Eccentric rotary acetabular osteotomy in treatment of developmental dysplasia of hip

Yinfeng Xu1, Puyi Sheng1, Shiming Yu1, Yangchun Zhang1,()   

  1. 1.Orthopedic, Trauma & Microsurgery, First Affiliated Hospital of Sun Yat-sen University, Guangzhou 510080, China
  • Received:2023-10-17 Online:2024-10-01 Published:2024-11-28
  • Contact: Yangchun Zhang

Abstract:

Objective

To analyze the clinical effect of eccentric rotary acetabular osteotomy (ERAO)in the treatment of developmental dysplasia of the hip (DDH).

Methods

From March 2010 to February 2022, patients with DDH and treated by ERAO in the First Affiliated Hospital of Sun Yat-sen University were collected. The patients who were evaluated as under stage III of Tönnis hip osteoarthritis staging and aged from 15 to 60 years were enrolled, while the patients with hip surgery history or requiring femoral osteotomy were excluded. A total of 78 patients with 92 hip joints were included in this study. There were 28 males and 50 females. According to Tönnis grades of hip osteoarthritis, there were 15 hips in stage zero, 67 hips in stage Ⅰ,and 10 hips in stage Ⅱ. According to the Crowe classification of hip dysplasia, all the patients were type I. The Harris score was used as the standard for clinical evaluation. Imaging evaluation was conducted by photographing the anterior and posterior positions of the pelvis before and after surgery and the anterior and lateral positions of the affected hip to observe the acetabular head index (AHI), lateral center-edge angle (LCEA) and Sharp angle,as well as to observe whether there were complications such as infection and neurovascular injury .Comparing preoperative and postoperative differences for statistical significance through t test.

Results

The patients were(45±16) years old on average, and the follow-up time was 12 to 138 months, (68±32) months on average. In the shortterm and six months follow-up after surgery, except for two cases of wound infection, there was no other complication such as neurovascular injury.
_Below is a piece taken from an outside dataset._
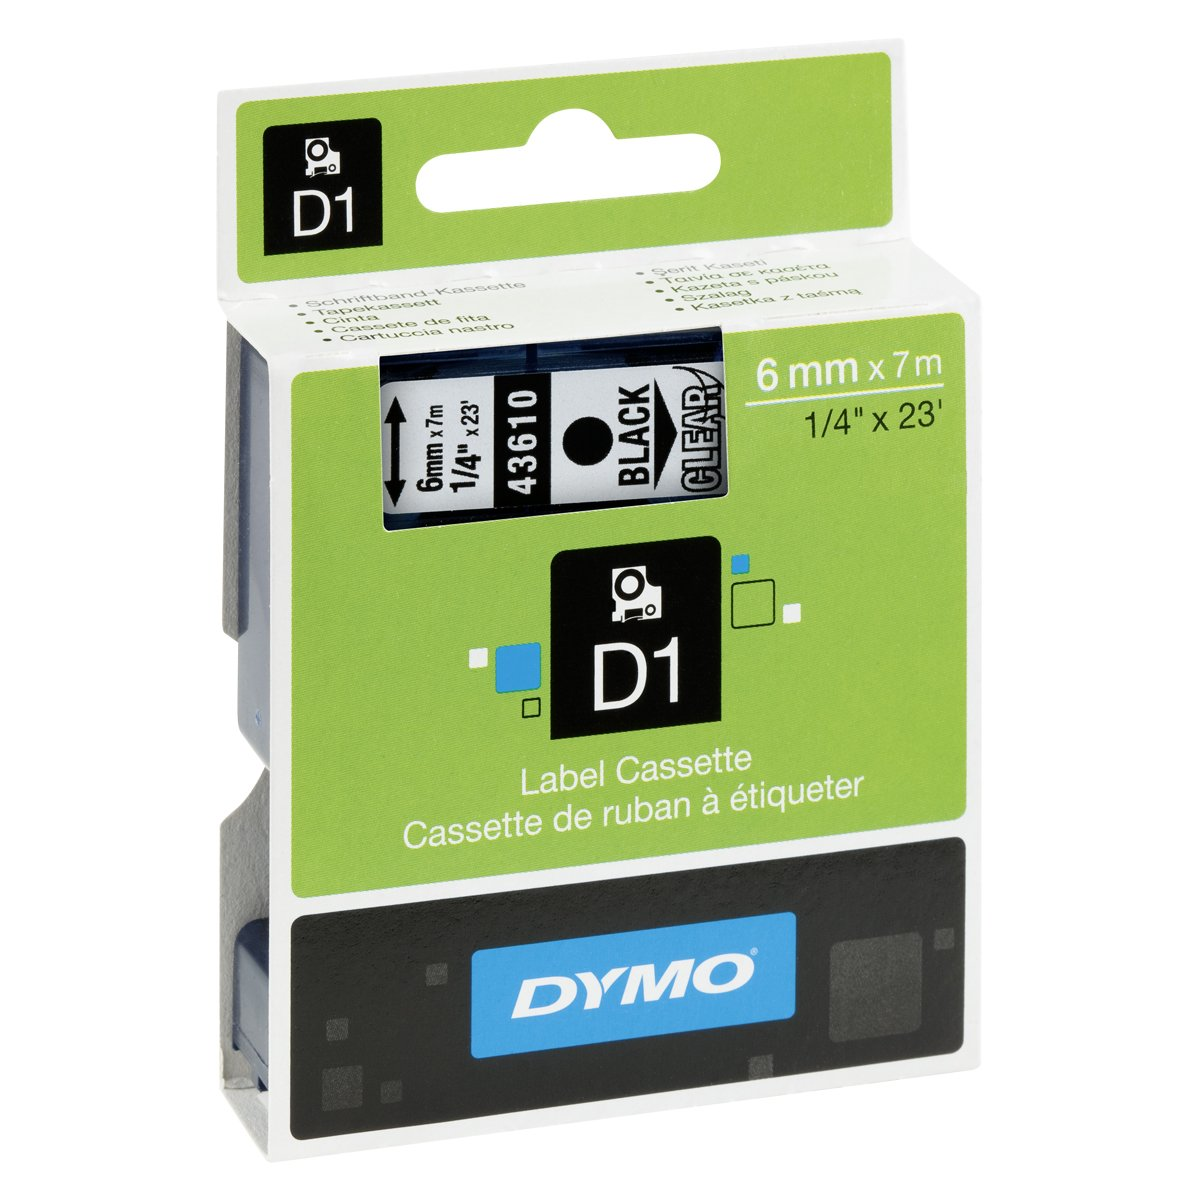 New Dym43610 Dymo D1 Standard Tape Cartridge For Label Makers Name Card Holder Binder 6222

During more than five years follow-up, five patients with five hips underwent total hip replacements. Harris score elevated from (73.5±9.4) to (89.8±6.2) after ERAO surgery, and the difference was statistically significant (t=-7.8, P < 0.001). The sharp angle was (52.2±3.8)° before surgery, and was improved to(42.4±3.2)° after surgery (t=3.1, P < 0.05). The LCEA increased from (10.7±2.6)° before surgery to (35.8±6.5)°. The AHI increased from preoperative (48.9±6.5) % to postoperative (88.0±10.7) %, The horizontal distance from teardrop decreased from preoperative (41.2±9.4) mm to postoperative (37.3±8.6) mm, and the vertical distance from teardrop decreased from preoperative (20.8±10.5) mm to postoperative (17.2±10.1) mm.

Conclusions

ERAO can obviously correct the deformity of acetabulum in patients with DDH, improve the stress mode of the abnormal hip joint, and delay the progression of secondary lesions such as osteoarthritis of hip. The short mid-term clinical effect is the definite results. ERAO is an effective surgical method for the treatment of DDH, andbeing worthto promote and apply.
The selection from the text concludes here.